Let's see if we can predict the future for 2011.

1. The Yankees will win the World Series.
2. The Phoenix Cardinals will finish at the bottom, losing to my old high school.
3. President Obama will make more blunders.
4. Harry Reid and Nancy Pelosi will get divorced and marry exch other so they can push more bills to pass so they can find out what's in them.
5. PETA will launch a campaign to save the rattlesnakes.
6. Western novels will sell like hotcakes in 2011.
7. Hotcakes will be banned by the Government.
8. A Sedona, Arizona, resident will see the Virgin Mary in the red rocks after a vortex experience.
9. Sarah Palin will move in with Bristol and they'll run for President and Vice President if they can find their way out of the desert.
10. Sarah Palin will get bitten by a rattlesnake and move to Sedona (see #8).
11. True Grit, the movie, was originally called False Grit and will win the Best Movie that Changed its Name award.
12. A wolf in sheep's clothing will eat Santa Claus and cause all the little kids to cry.
13. Sarah and Bristol Palin will attend a sweat lodge ceremony and emerge believing they are President and Vice President.
14. Bristol will resign to be on "So You Think You Can Dance" show and buy a house in Gila Bend.
15. In 2011 John McCain will turn 105 years old and make another run for the Senate.... door to avoid Sarah Palin.
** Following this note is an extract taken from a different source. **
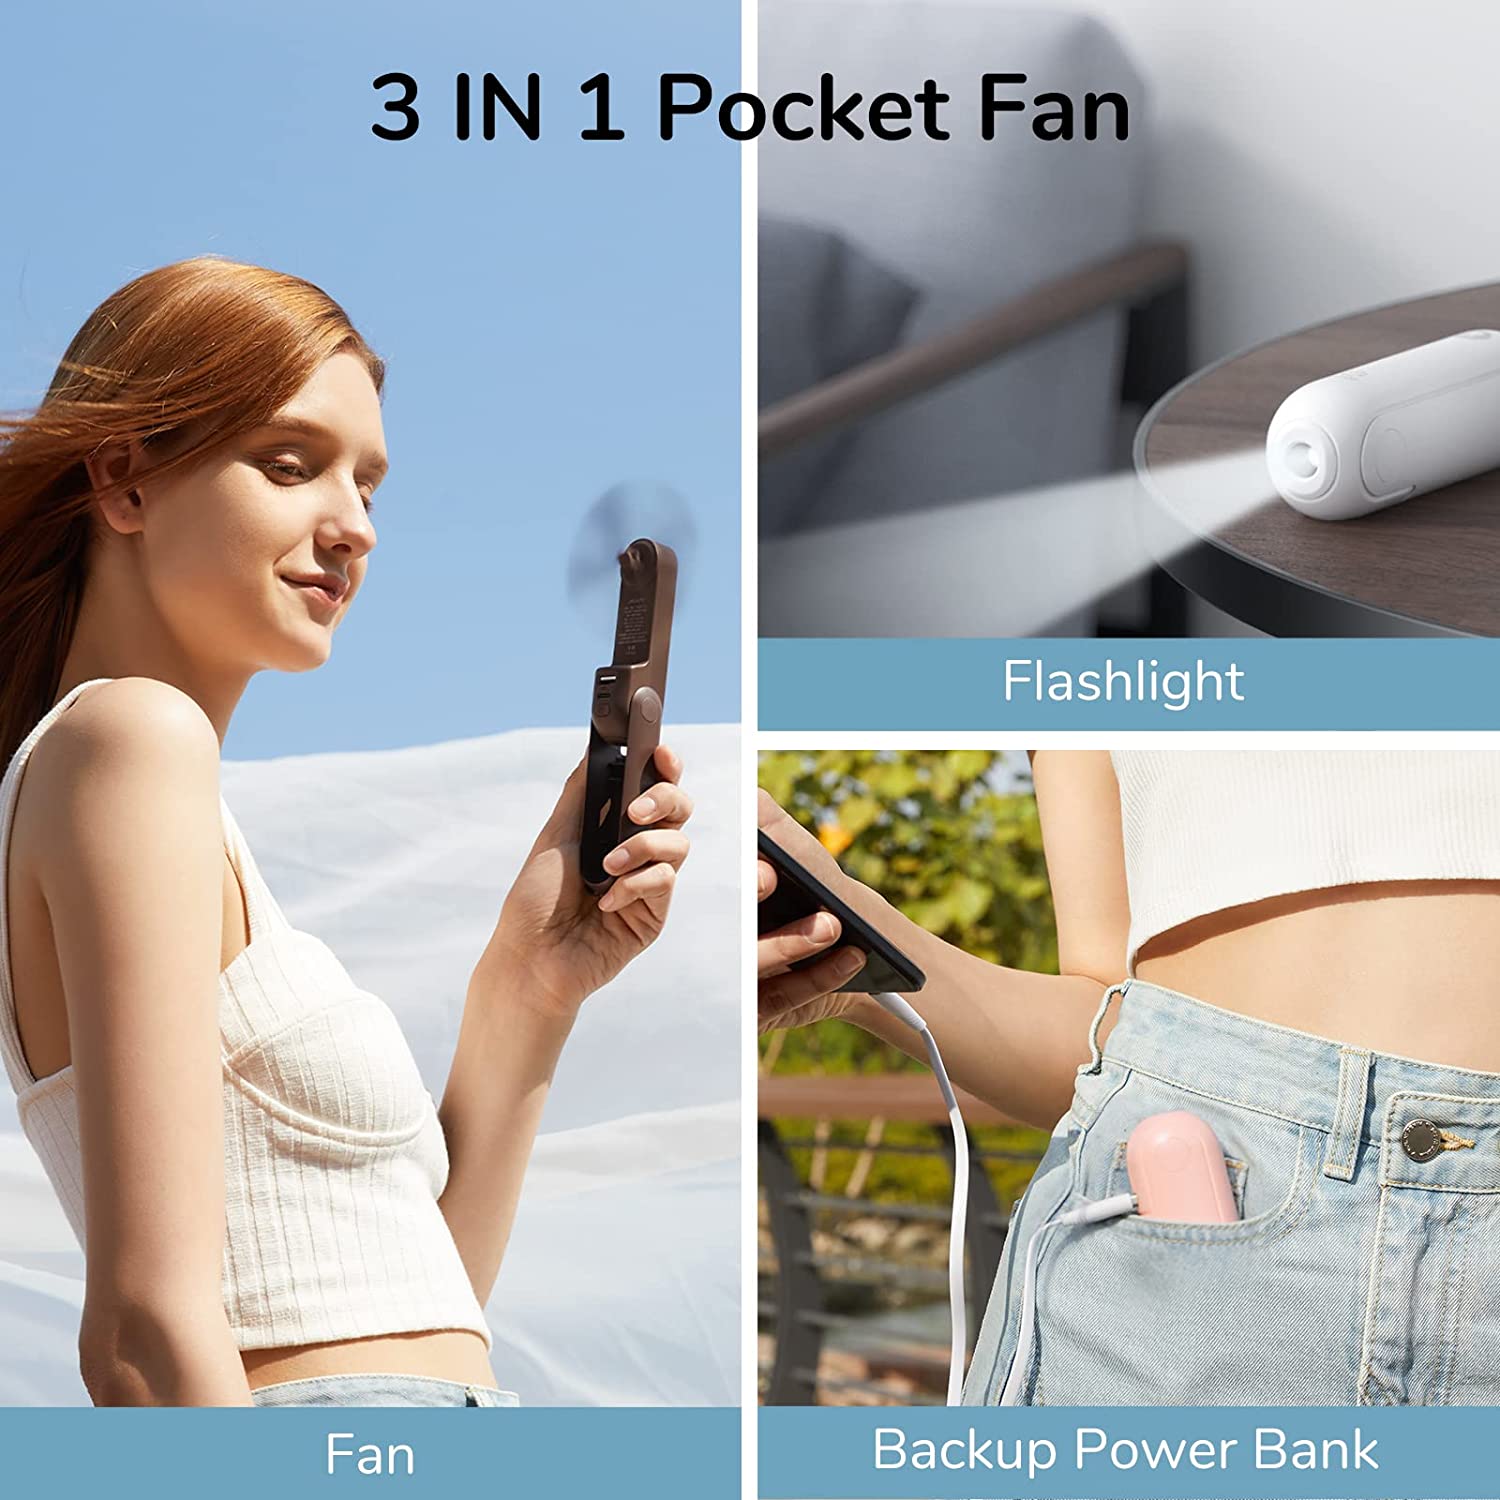 Handheld Mini Fan, 3 in 1 Hand Fan, Portable USB Rechargeable Small Pocket Fan, Battery Operated Fan [14-21 Working Hours] with Power Bank, Flashlight Feature for Women,Travel,Outdoor-White, 1 Count (Pack of 1)

HAPPY NEW YEAR ONE AND ALL!

Sunday, December 26, 2010

New Acquisitions

For Christmas I received from Santa the following books:

Black Power, White Smoke by Loren D. Estleman
Can-cans, Cats & Cities of Ash by Mark Twain
Sea of Glory - America's Voyage of Discovery - The U. S. Exploring Expedition 1838-1842    by Nathaniel Philbrick
Daring Young Men - The Heroism and Triumph of the Berlin Airlift June 1948-May 1949 by Richard Reeves
The Wild Breed by Frank Leslie
Echoes of a Dead Man by Terry James (it's coming on the slow boat)
The Man from Shenandoah by Marsha Ward
Monuments - America's History in Art and Memory by Judith Dupre
Life's Platinum Anniversary Collection -- 70 Years of Extraordinary Photography

All I have to do now is find time to read them on top of all the other ones waiting.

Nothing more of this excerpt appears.